In 1686, the French established a foothold along the Arkansas River in O-ga-xpa Ma-zhoⁿ, the homeland of their Quapaw allies. In 1731, having failed repeatedly to develop a lasting settlement in the region, the government in French Louisiane sent a dozen soldiers to rebuild and expand the fortified site they called Arkansas Post. The small post would become the most significant settlement in French Louisiane between Natchitoches and the Illinois Country, a linchpin connecting Upper and Lower Louisiane. A heterogeneous community developed in and around the Post, composed of free persons from Europe of various backgrounds and statuses, as well as African and Indigenous bondspeople.
Today, the site that evokes this French colonial past for most Arkansans is Petit Jean Mountain, more than one hundred miles upriver from the Post. Rising above picturesque farms along a bend in the Arkansas River, Petit Jean Mountain is the oldest of Arkansas’s state parks and one of its most popular, attracting eight hundred thousand visitors annually. After navigating the hairpin turns that lead to the mountain’s summit, visitors are greeted by the Petit Jean Grave Site, a fenced-in mound of earth adorned with a simple wooden cross, perched on a precipice overlooking the valley below.
A series of panels here and in the nearby visitor center explains “The Legend of Petit Jean”: At some point “in the eighteenth century,” a young French woman disguised herself as a cabin boy to join her fiancé aboard a ship destined to explore “uncharted regions of the new world.” Beloved by her shipmates, who nicknamed her Petit Jean (“Little John”), she concealed her true identity until she fell gravely ill while exploring the Arkansas River. Petit Jean died shortly after revealing her secret to her lover, who named the mountain in her memory.
What are the origins of this legend? When did it emerge? While it contains no verifiable historical details—even the state park signage describes it as “folklore”—it includes tropes that would have been familiar to nineteenth- and early-twentieth-century US audiences. The theme of lovers crossing the Atlantic to seek a new life, only to see their dreams dashed in Louisiana, evokes Abbé Prévost’s Manon Lescaut, while the gender-bending elements are reminiscent of Joan of Arc. Indeed, in a 1999 undergraduate thesis, DeAnn McGrew of the University of Central Arkansas traces what may be the earliest version of this story in print to an 1878 newspaper article—one of the first issues of The Dardanelle Western Immigrant, aimed at attracting settlers to the region.
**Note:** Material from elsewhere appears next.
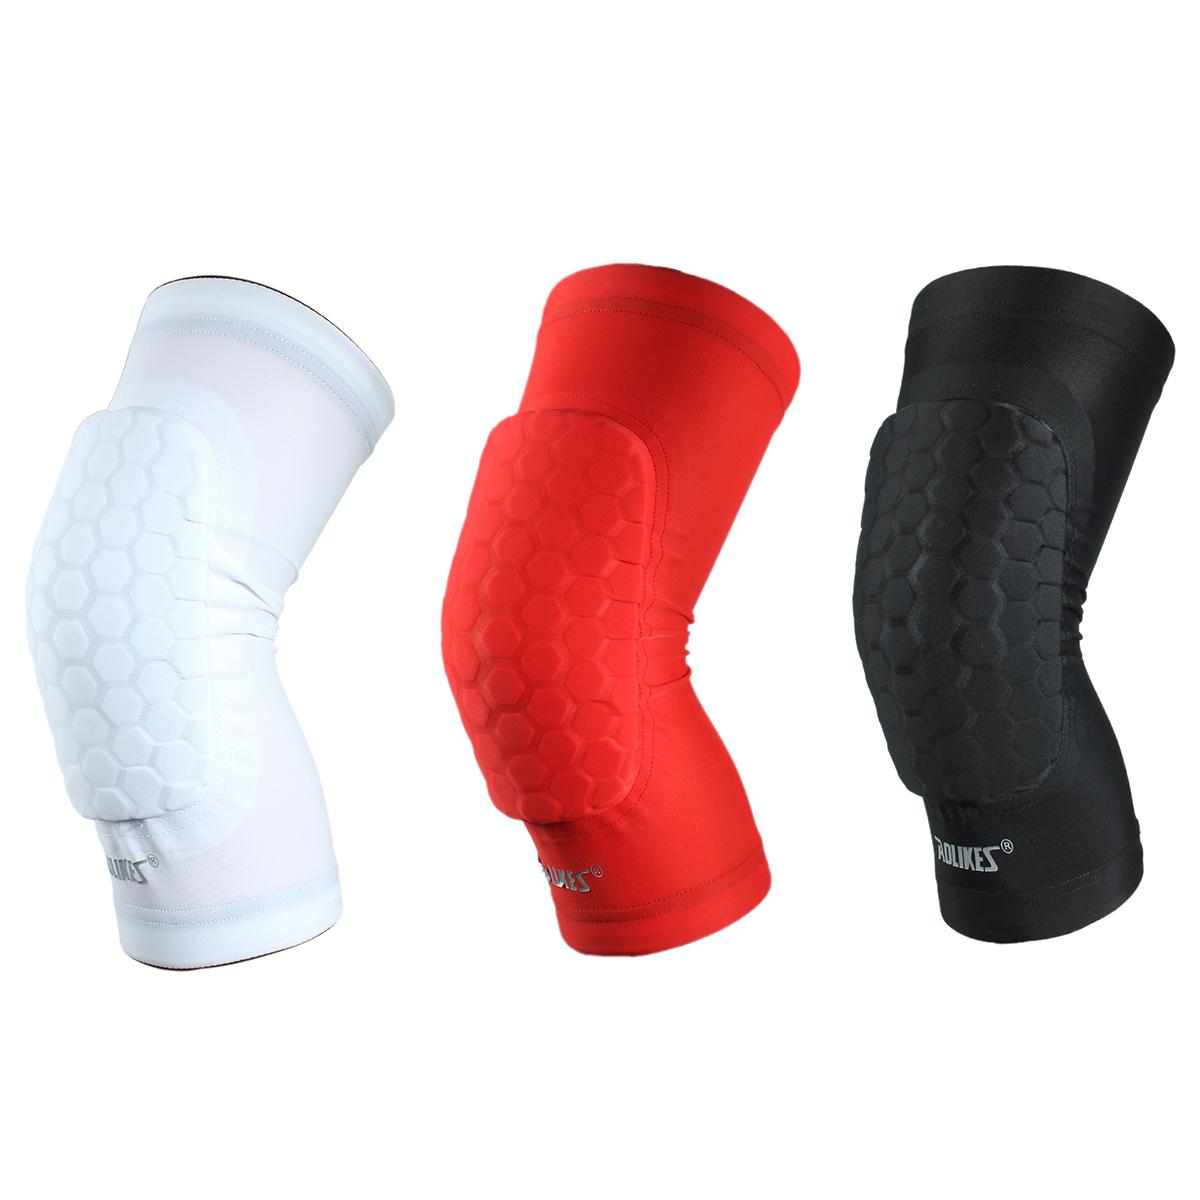 AOLIKES Hex Sponge Protective Knee Pads Basketball Leg

Though the female Petit Jean legend is not the only version to have appeared in print—other origin stories include male figures, such as an aristocratic “Jean” escaping the ravages of the French Revolution to settle on the mountain—the twentieth century saw the story of a female Petit Jean further popularized by local writers. Lucille Clerget Rankin published books of poems that broadly cited items discovered in the local library, as well as an “oft-told Indian legend,” as her sources. In 1955, Marguerite Turner expanded the tale in her book Petit Jean: A Girl, a Mountain, a Community, apparently devising the French names for the characters that are used in the state park panels. That same year, Dr. Thomas William Hardison, a key figure in the establishment of Arkansas’s first state park, published a promotional brochure featuring a variation of the female Petit Jean tale.
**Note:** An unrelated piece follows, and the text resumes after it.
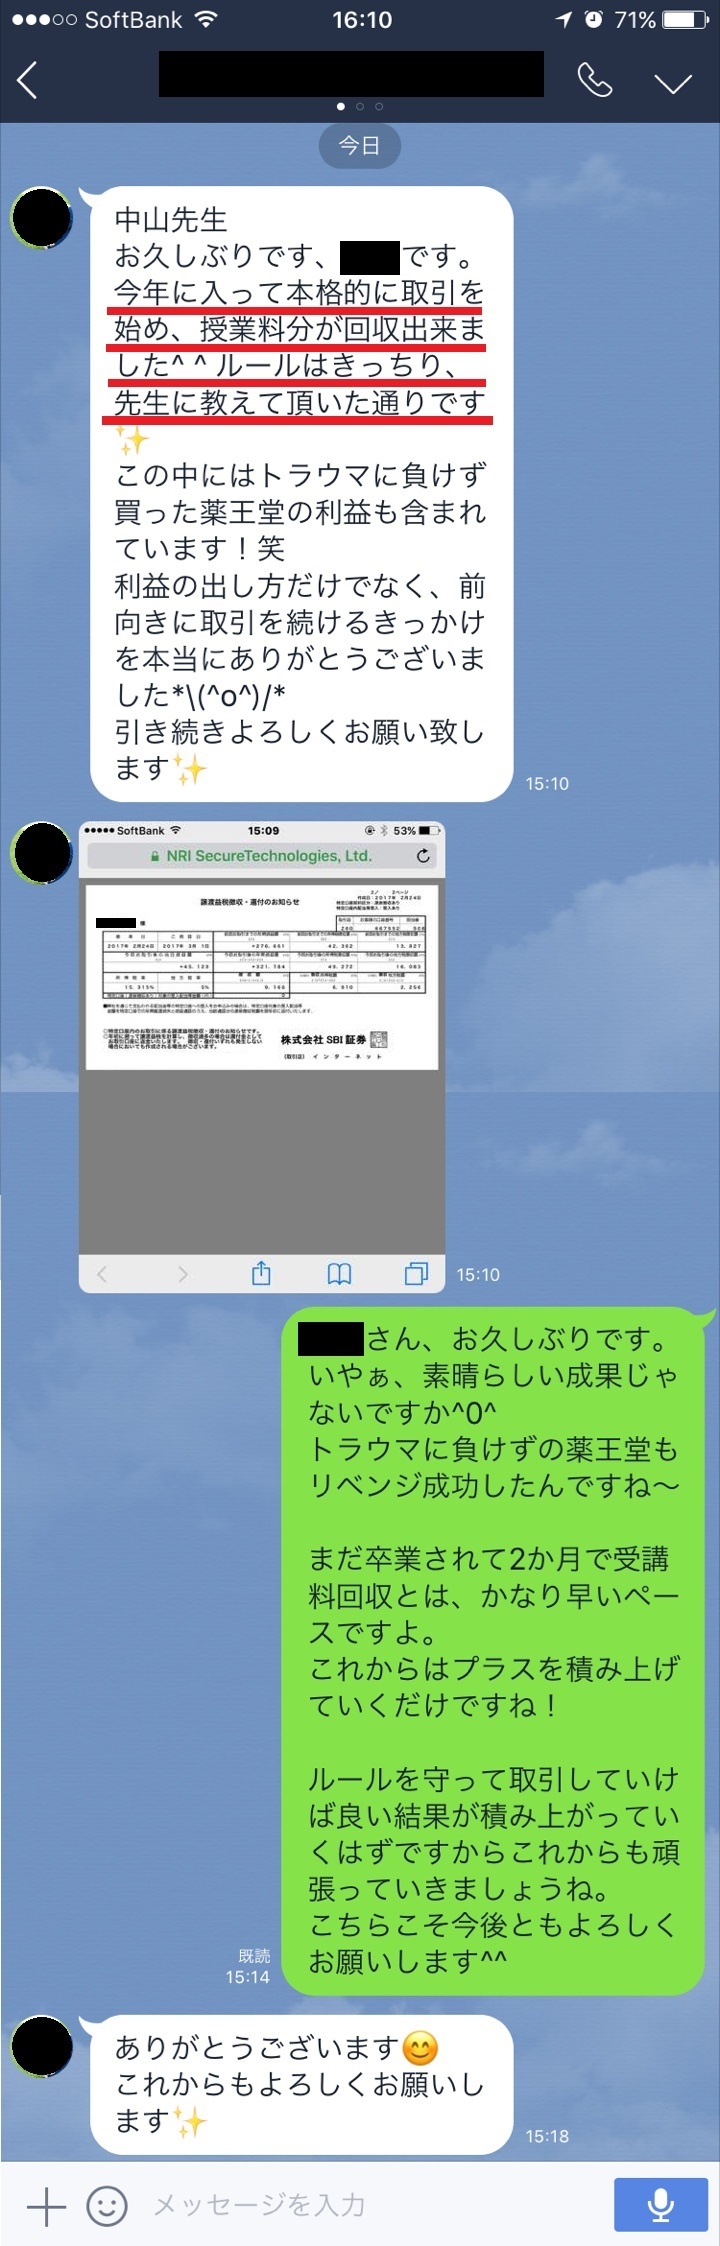 line69

As for the gravesite’s origin, a 1997 blog post signed by “RTJ” reported that the Stout family—local entrepreneurs—recruited community members around 1912 to construct a false gravesite, hoping to attract honeymooners to a hotel they built on the mountain with the romantic tale of the female Petit Jean. Based on interviews with a state park interpreter, the post suggested this fabrication was central to the legend’s modern form.
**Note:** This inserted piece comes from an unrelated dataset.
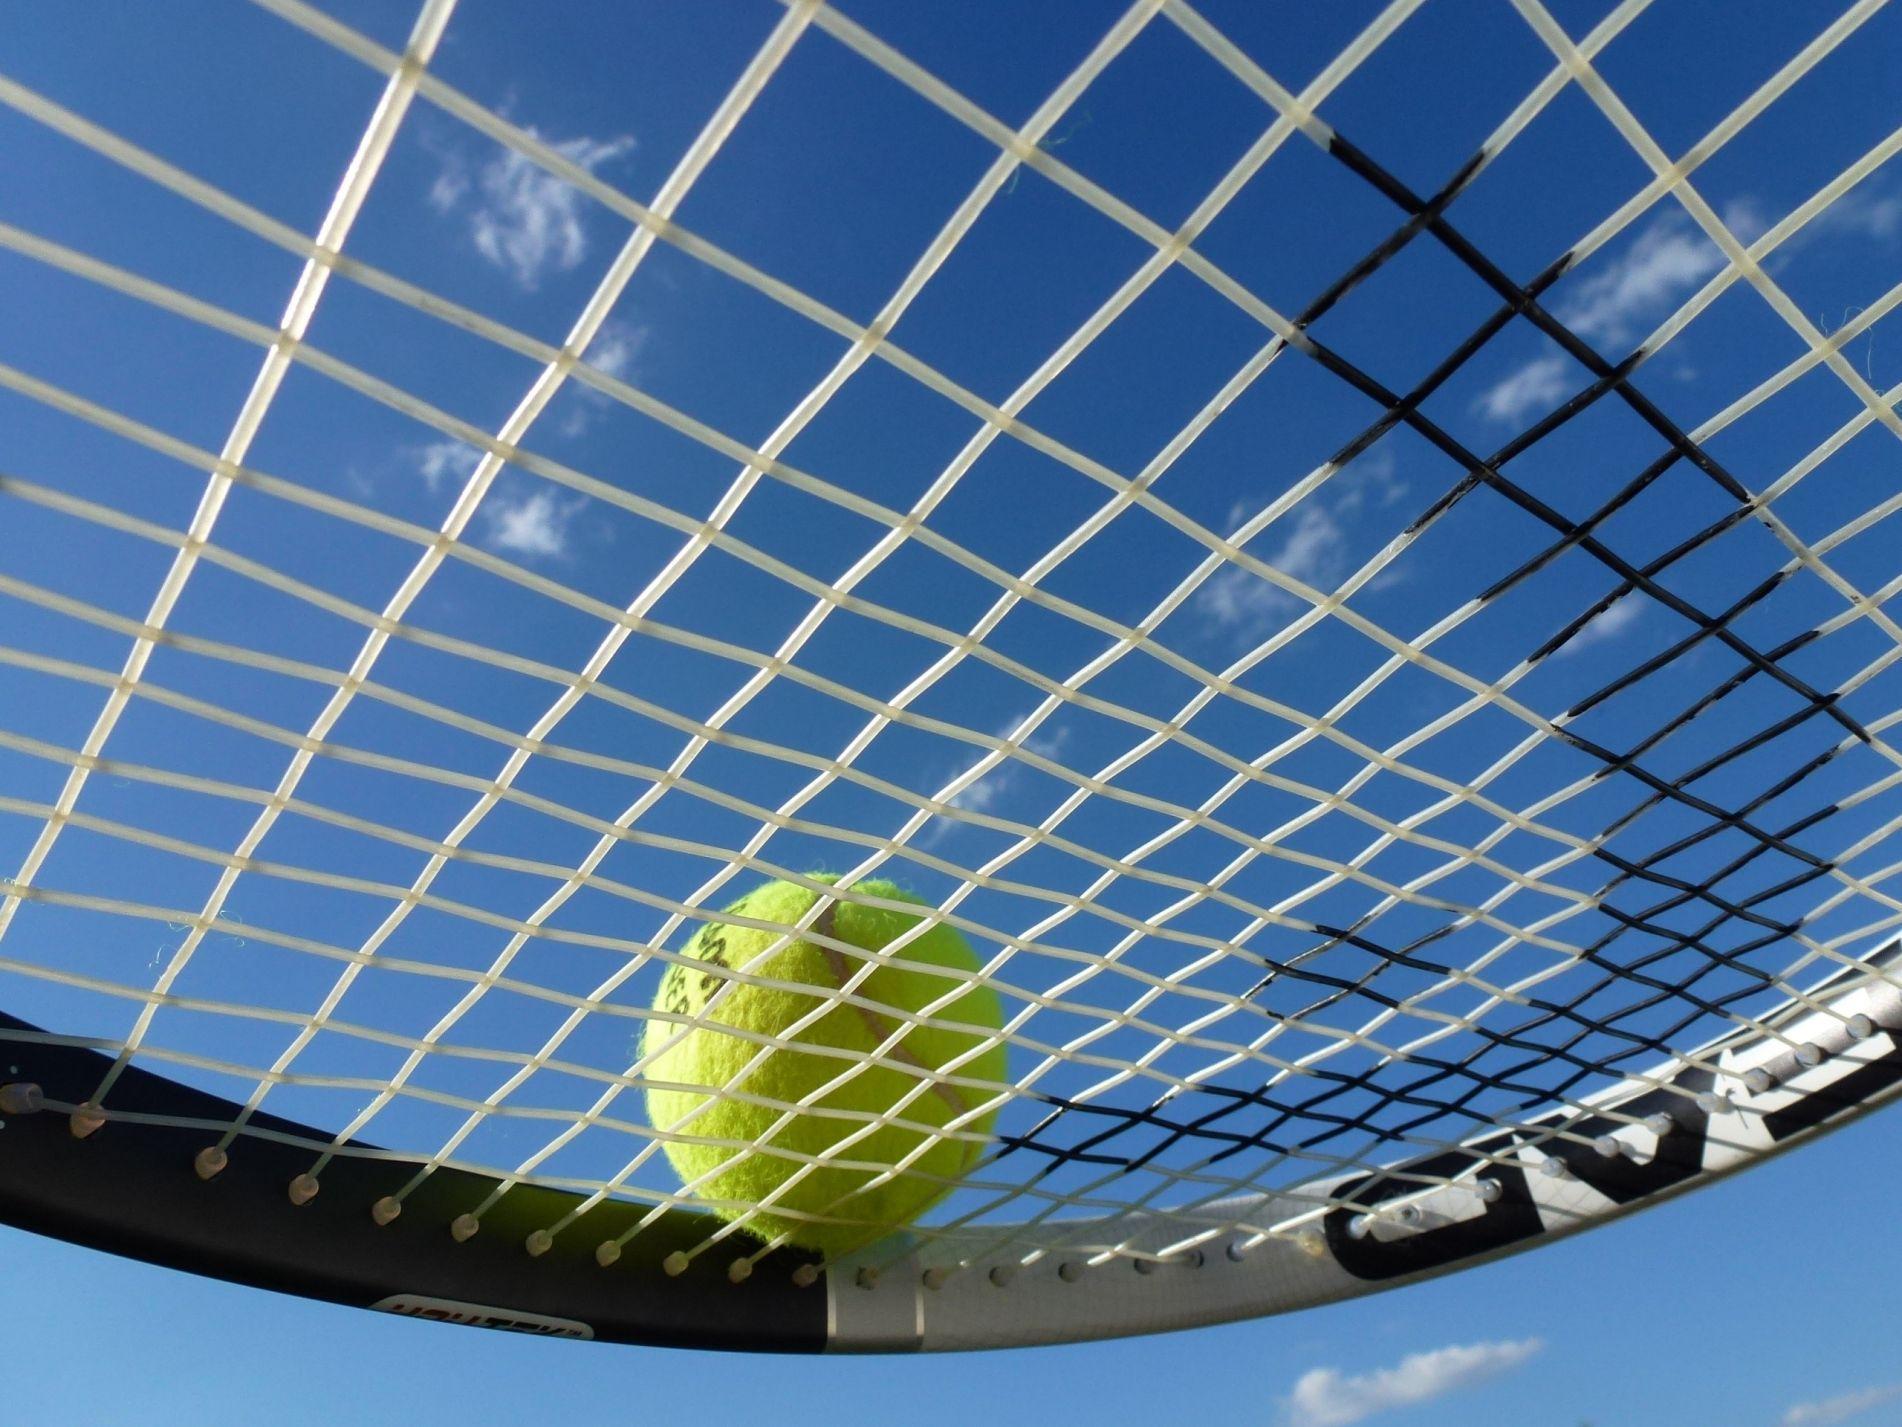 Festival de Mini Tênis tem data modificada

Despite skepticism about the tale’s authenticity, the Petit Jean name remains one to conjure with in Arkansas. The “Petit Jean” brand graces all manner of products, from artisanal cheeses to craft beer. Odes to the mountain and its French maiden namesake continue to appear, including a composition for the Arkansas Symphony Orchestra by Christopher Theofanidis (2014), and a children’s book by William B. Jones and Gary Zaboly (2016) that uses the story to convey the broader history of the French presence in the region.
However, a close examination of the archival record of colonial Louisiana suggests a real historical figure as the namesake of the Petit Jean River and Mountain. His story is far removed from that of the tragic French maiden in nearly every aspect but the spot on which both are said to have died. In a footnote to his seminal 1991 study of Arkansas Post, historian Morris Arnold points to a 1734 report by the Louisiana Governor Bienville to the Ministry of the Navy in Versailles regarding an Osage attack on a French hunting party along the Arkansas River upriver from the Post, naming a “Petit Jean” as one of the victims. The present article picks up where Arnold left off, mining the historical record for clues about the identity of the man and contextualizing what we can establish about the circumstances of his death and its broader implications for the history of French Louisiane.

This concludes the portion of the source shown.